As a contemplative nun, a Pink Sister is a silent witness of God’s love and goodness to others. Most of all, Pink Sisters are witnesses to God’s real presence in the Most Holy Eucharist, in His Sacraments and to His presence in every person and throughout all creation. She embraces a life of total dedication, centered solely on the Divine.

They are known as Pink Sisters because of their rose or pink-colored habits which symbolize the joy and love of the Holy Spirit and the Blessed Virgin Mary, who is their role model. Each sister, therefore, bears in her religious name either Mary, Marie or Maria. Their founder is St. Arnold Janssen and Mother Mary Michael is co-foundress. Her cause for beatification is underway.

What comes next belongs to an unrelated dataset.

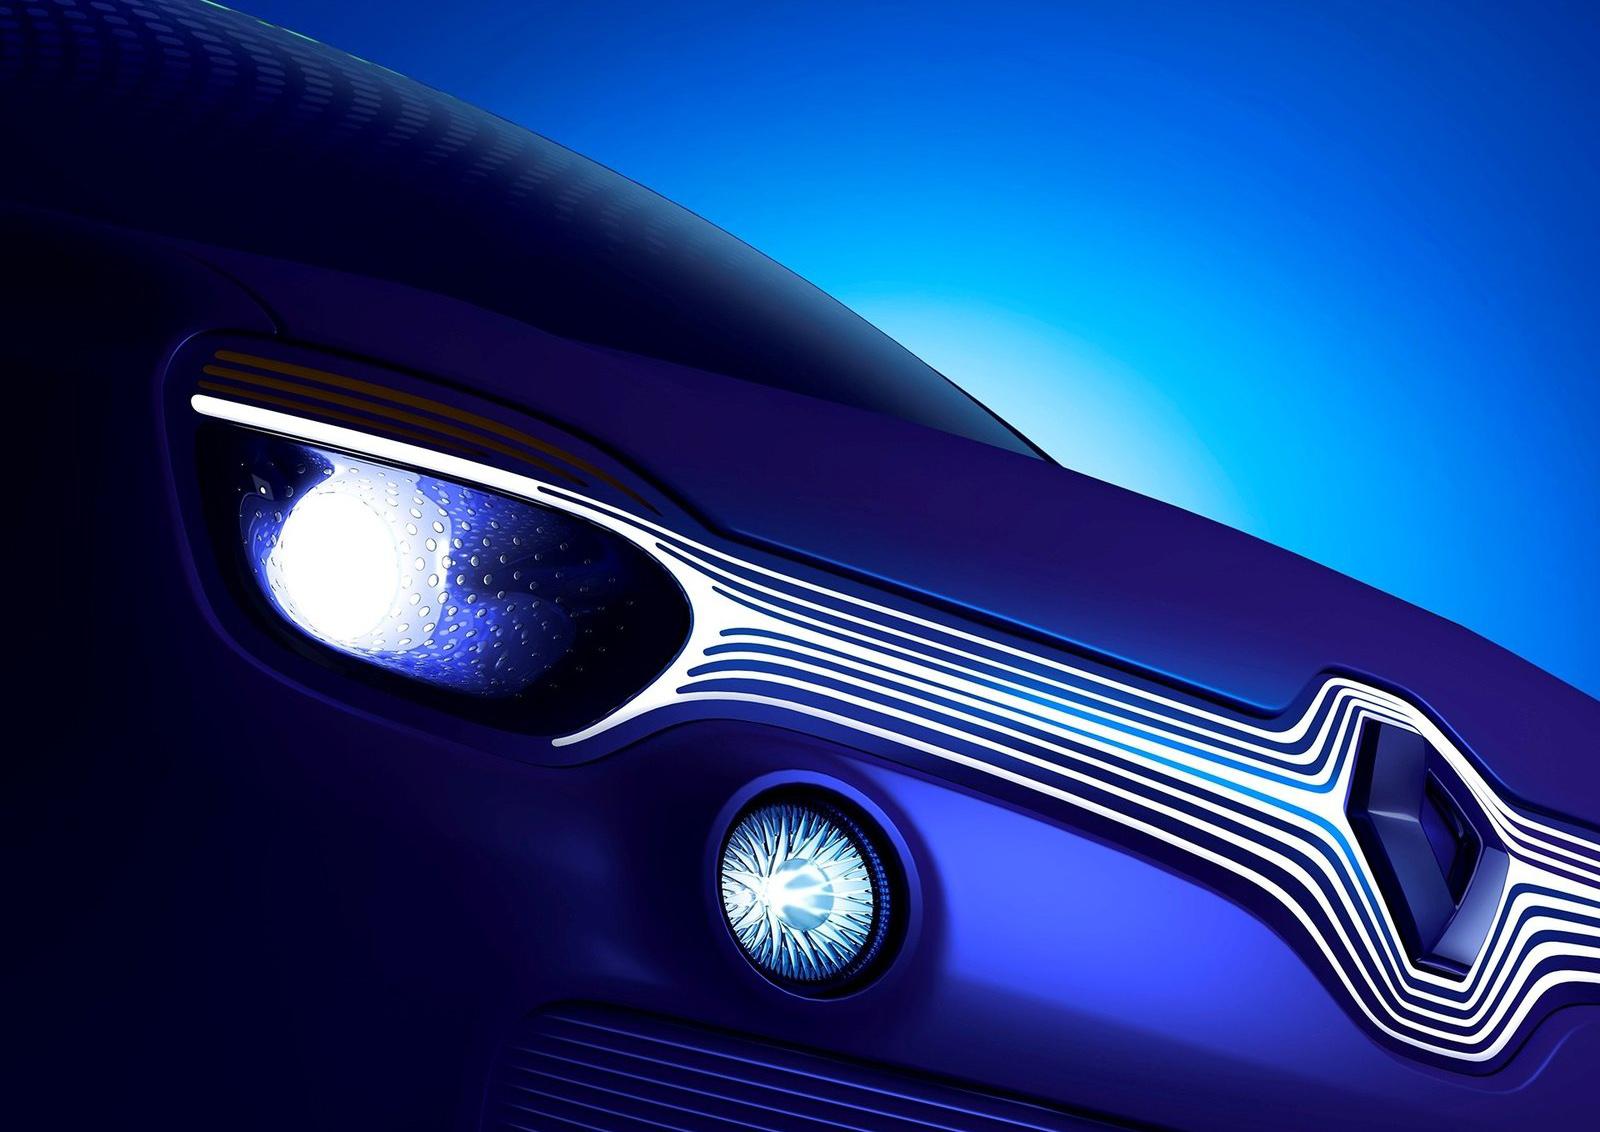 Renault-Twin-Z_Concept_2013_1600x1200_wallpaper_211

The Holy Adoration Sisters’ Convents located all over the world may have different time zones for the daily schedule, but they all follow the same activities. They arise at 5:15 a.m. and retire at 8:30 p.m. In between, they have meditation time and the celebration of the Holy Sacrifice of the Mass and the twice-a-day examination of conscience (the first before lunch and the second before the night prayer). They pray the Liturgy of the Hours, which consists of the Office of Readings, Midmorning Prayer, midday and mid-afternoon prayers. They also have the community of vocal prayers (i.e. recitation of the rosary) or attend conferences given either by a clergy or a lay resource speaker. Due to the pandemic, however, the conference is now limited to a monthly recollection given by their father chaplain. They also have working time and engage in personal individual prayer. Over and above these, they take turns in the adoration, 24 hours a day, seven times a week.

Knowing how devoted Sr. Mary Triana and her fellow Pink Sisters are to God is a comforting and reassuring thought. How soothing and touching it is to know that despite all the evil in the world, there are still many selfless individuals out there who have dedicated their lives to praying for us, sinners.